What you need to do:
The copy must hold every line from the one with "Peach Hibiscus Stock Photos" through the end of the listing, word for word, and must hold no pictures.

Data extract:
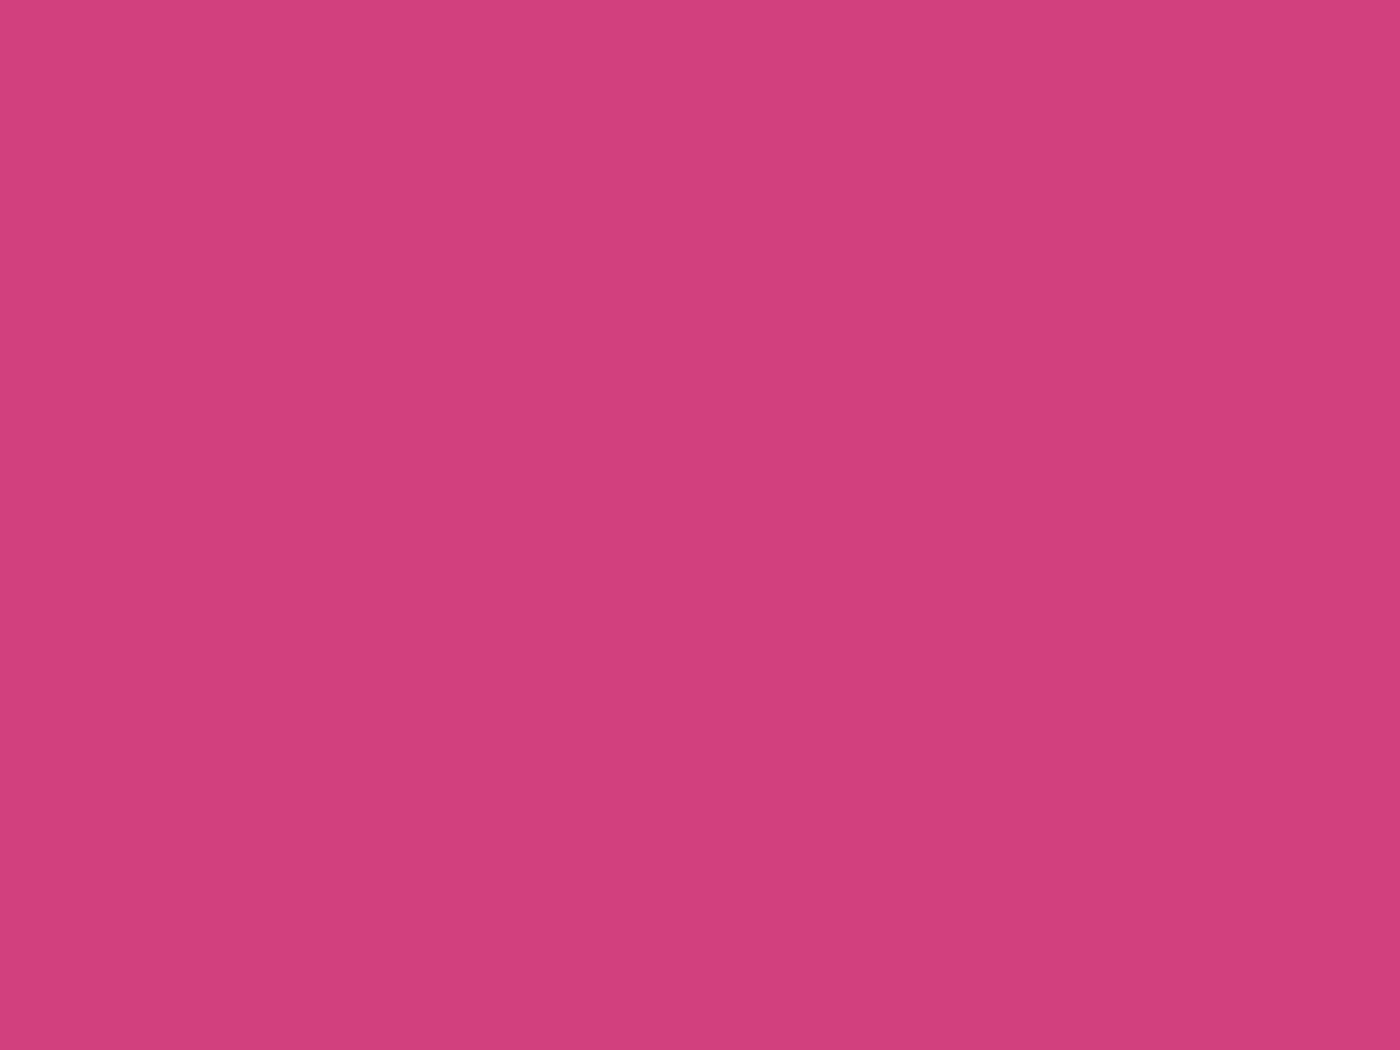 1400x1050 Magenta Pantone Solid Color Background
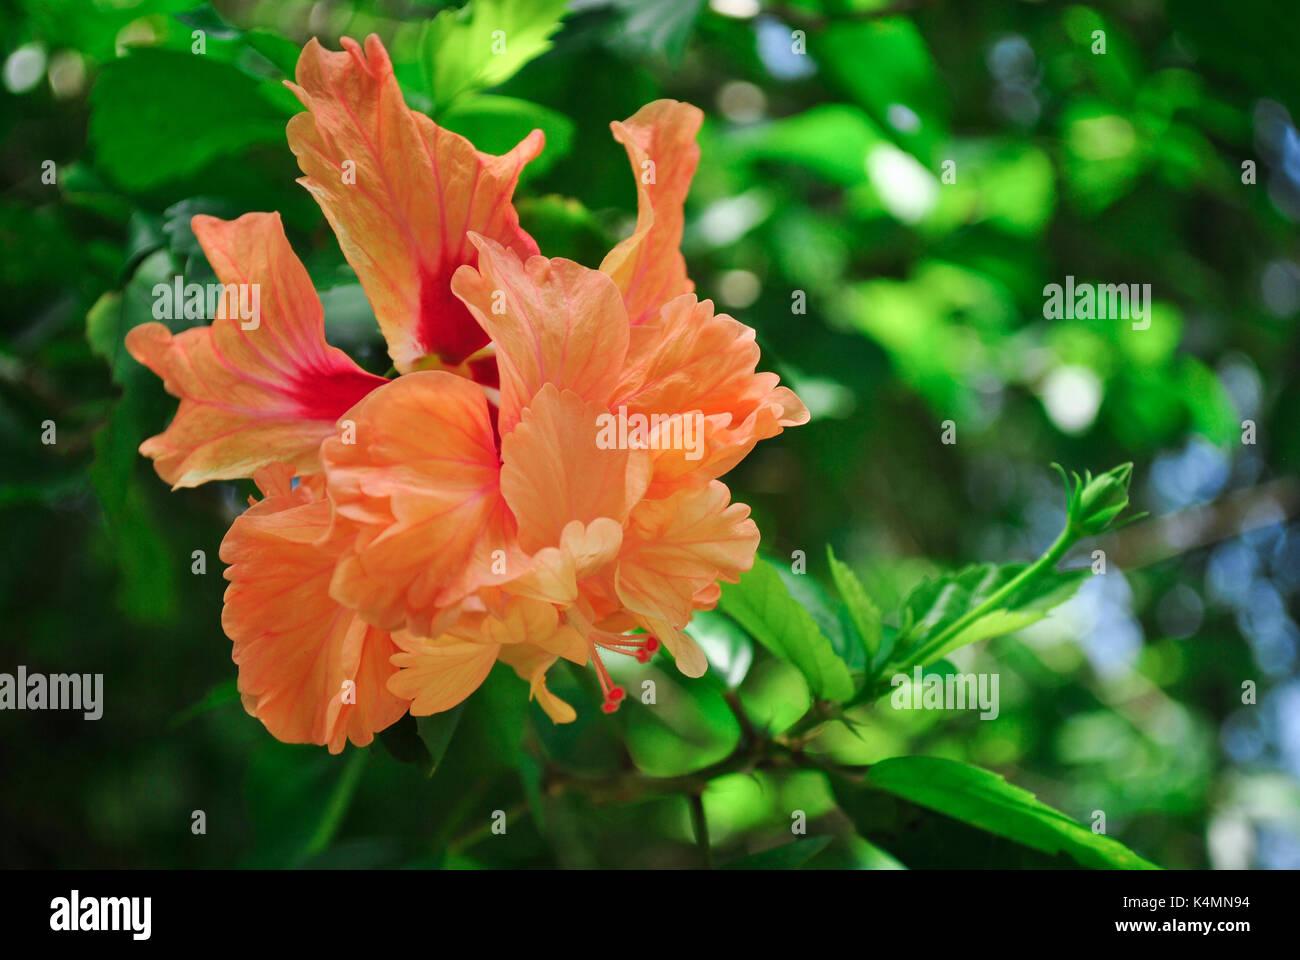 Peach Hibiscus Stock Photos & Peach Hibiscus Stock Images - Alamy
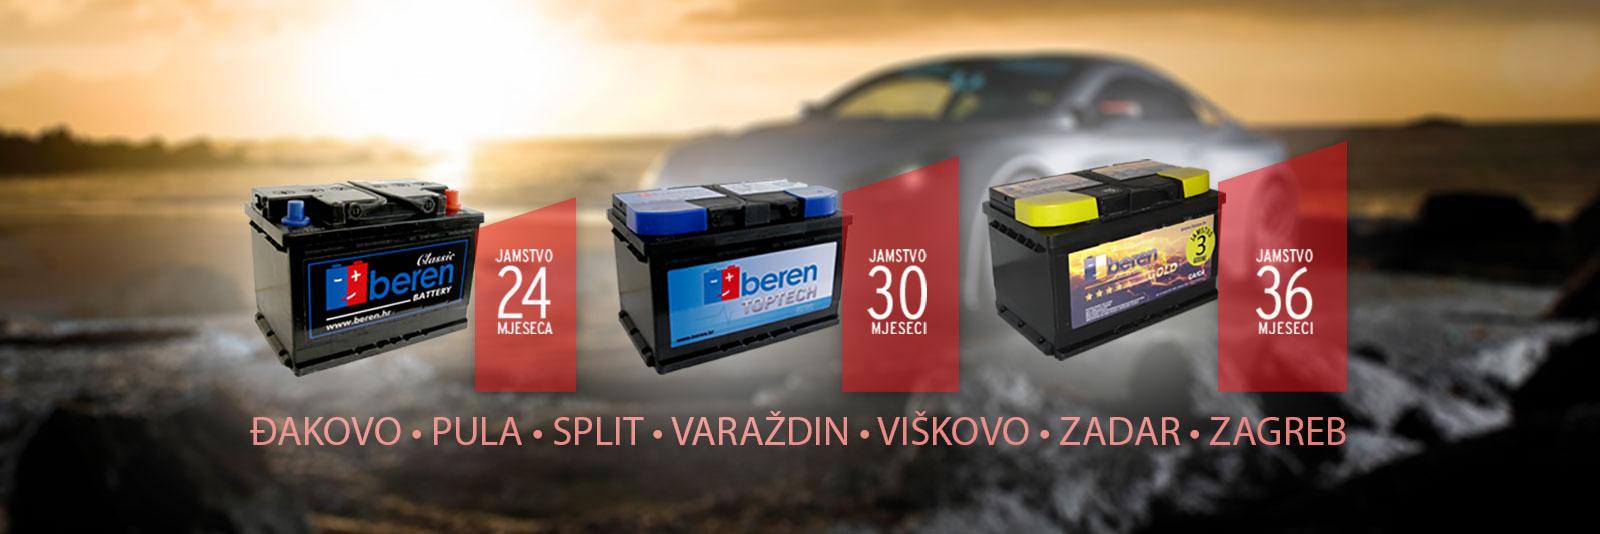 Beren-Slideshow_1600x534-B1

Your solution:
 Peach Hibiscus Stock Photos & Peach Hibiscus Stock Images - Alamy
 Beren-Slideshow_1600x534-B1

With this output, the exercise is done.